The east African nation has been impacted by heavy rainfall, leading to an increase in water levels that have affected over 2.4 million people. The UN aid teams are growing worried about the potential spread of water-related illnesses, according to the aid coordination office, OCHA.

Possible rewording: There have been reports of suspected cholera cases, and relief workers have emphasized the danger it poses to communities with inadequate healthcare resources.

The United Nations, along with humanitarian organizations, local authorities, and community members, have provided aid to a minimum of 820,000 individuals in need. This assistance included sending out at least 37 boats to deliver supplies and help evacuate those who were trapped.

As of now, the 2023 Humanitarian Response Plan for Somalia has only received 42% of the required $2.6 billion in funding to assist 7.6 million of the country’s most vulnerable individuals.

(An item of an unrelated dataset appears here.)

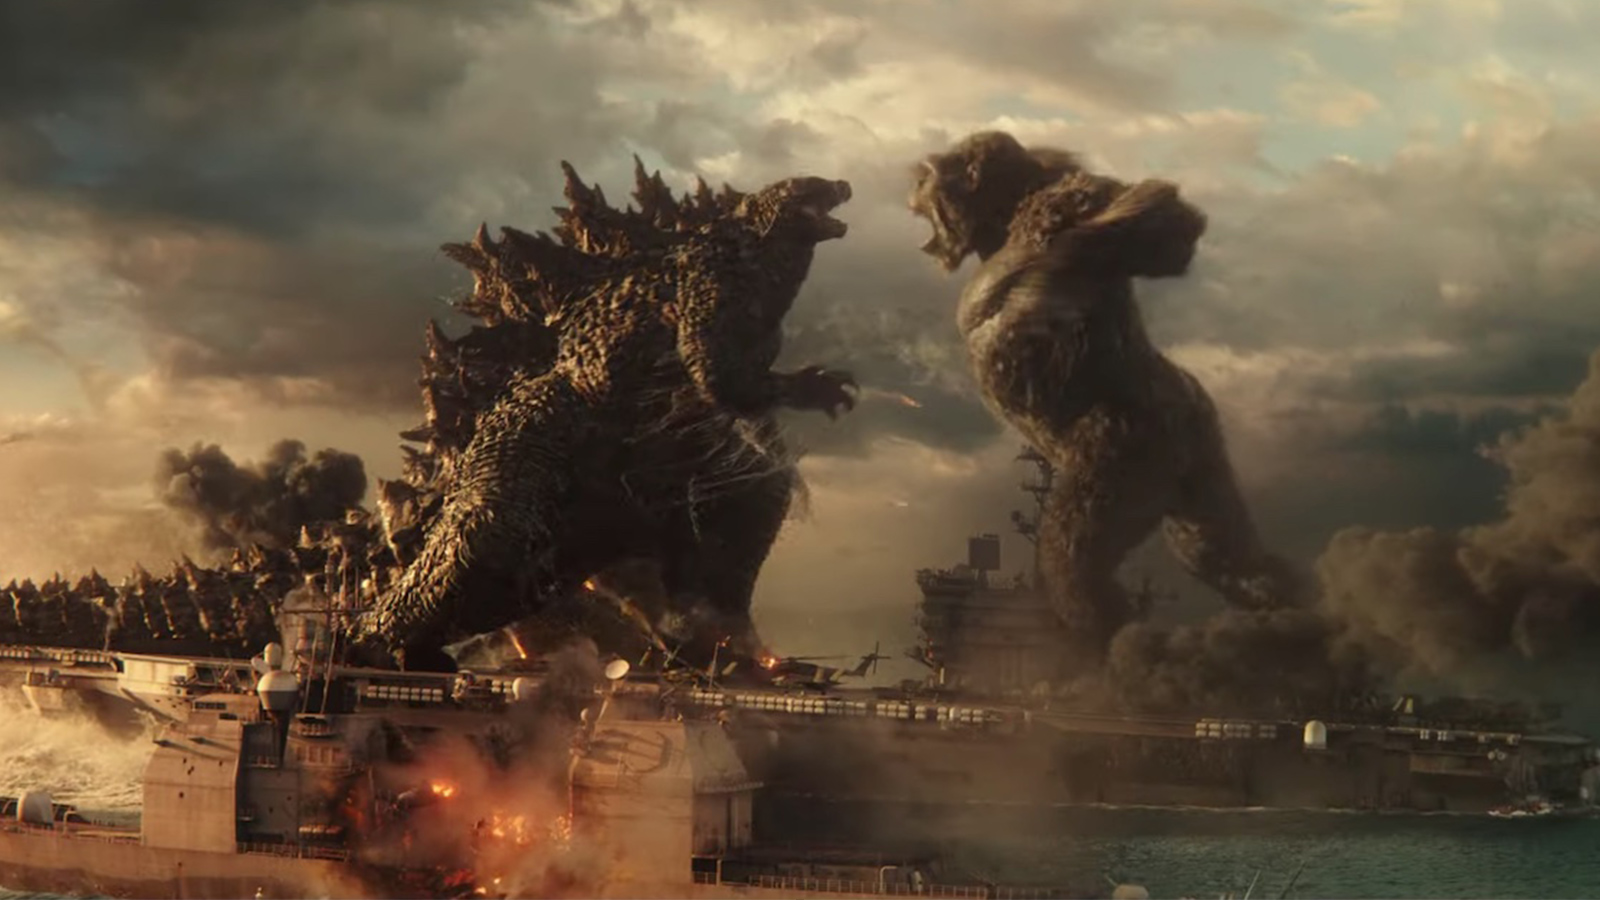 Mechagodzilla Godzilla vs Kong

Women wade through flood waters in Jowhar City, Somalia.

© WFP/Arete/Abdirahman Yussuf

Females navigate through the inundated streets of Jowhar City, Somalia.

There has been a significant increase in the number of reported cholera cases throughout Sudan.

On Monday, while briefing journalists in New York, the UN Spokesperson reported that there is an increase in efforts from humanitarians and collaborators to address the cholera outbreak in Sudan, which is currently facing conflict.

According to Stéphane Dujarric, the initiative involved identifying and caring for cases, as well as addressing concerns regarding water, sanitation, and hygiene.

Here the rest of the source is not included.